4.1. Experimental Scheme for Comparative Evaluation of Drilling Performance

The comparative drilling performance experiments of the U-drill were carried out on a Shenyang Zhongjie VMC1600B CNC vertical machining center, as shown in Figure 12. The main machine specifications are as follows: coolant pressure of 5 MPa; X–Y–Z axis travels of 1600 mm × 800 mm × 800 mm; a maximum spindle speed of 6000 rpm; and a spindle power of 15 kW.
Figure 12. Experimental setup for comparative evaluation of U-drill drilling performance.
Both U-drills were made of H13 hot-work tool steel and employed the same S-type inserts and Y-type coolant channels.

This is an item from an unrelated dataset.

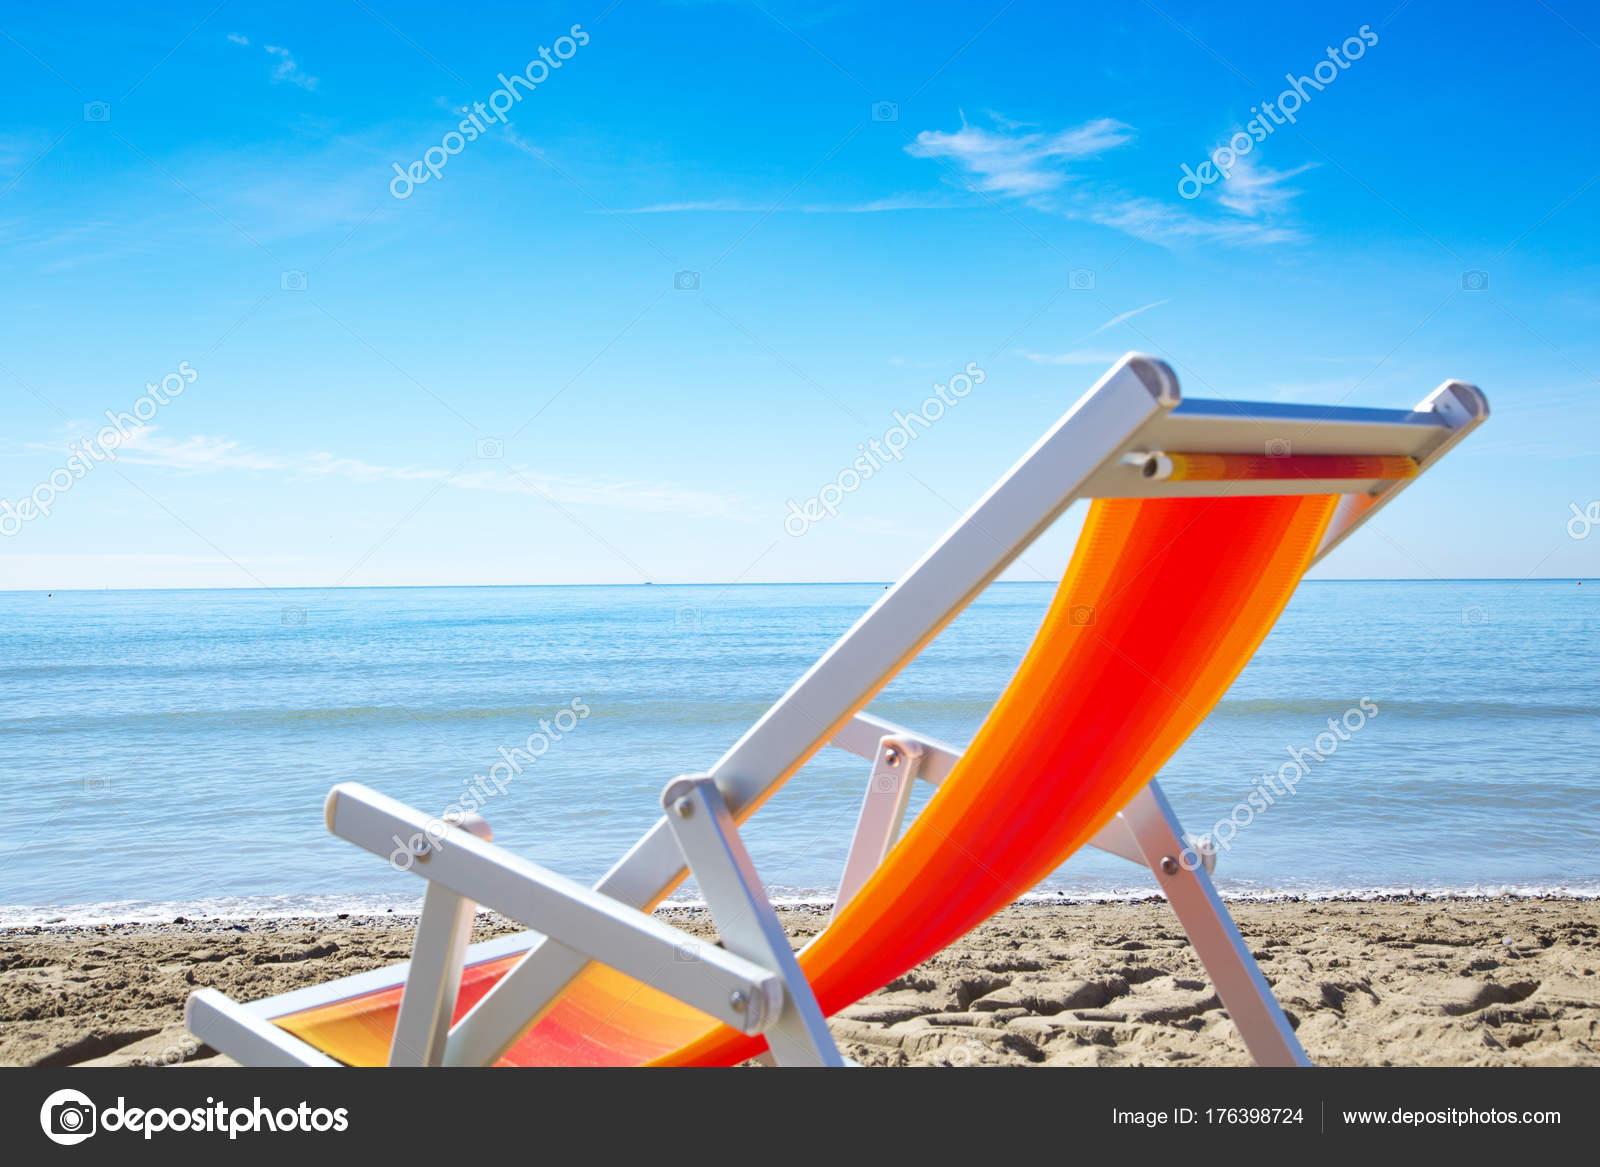 Sommer Hintergrund Am Strand Mit Sommer Werkzeuge Dekoration Und

The insert mounting orientation parameters of the two U-drills are listed in Table 6, and the chip-flute structural parameters are provided in Table 7.
Table 6. Insert installation pose parameters of the U-drill.
Table 7. Chip-flute structural parameters of the U-drill.
The workpiece material used in the comparative drilling performance experiments for the U-drill was 42CrMo, and its chemical composition is listed in Table 8. After quenching and tempering, 42CrMo exhibits excellent comprehensive strength, toughness, and ductility, with a relatively low tendency to become brittle. The workpiece was pre-machined by turning and milling, and its dimensions were ϕ 170   mm × 150   mm .
Table 8. Chemical composition of 42CrMo [28].
The instruments used for the comparative drilling performance experiments included a Donghua DH5981 dynamic signal test and analysis system (Donghua Testing Technology Co., Ltd., Jingjiang, China), a KISTLER 9527B three-component dynamic piezoelectric dynamometer with a matching charge amplifier (Kistler Instrumente AG, Winterthur, Switzerland), an internal micrometer gauge, and a contour and surface roughness measuring instrument. The data acquisition instruments used in the experiments are shown in Figure 13, and the experimental scheme for the comparative evaluation of U-drill drilling performance is shown in Table 9.
Figure 13. Data acquisition setup for the comparative drilling performance tests of U-drills.
Table 9. Experimental scheme for comparative evaluation of U-drill drilling performance.
Based on the above experimental setup and cutting conditions, the detailed validation protocol and statistical treatment used to ensure a fair comparison and to quantify variability are presented in Section 4.2.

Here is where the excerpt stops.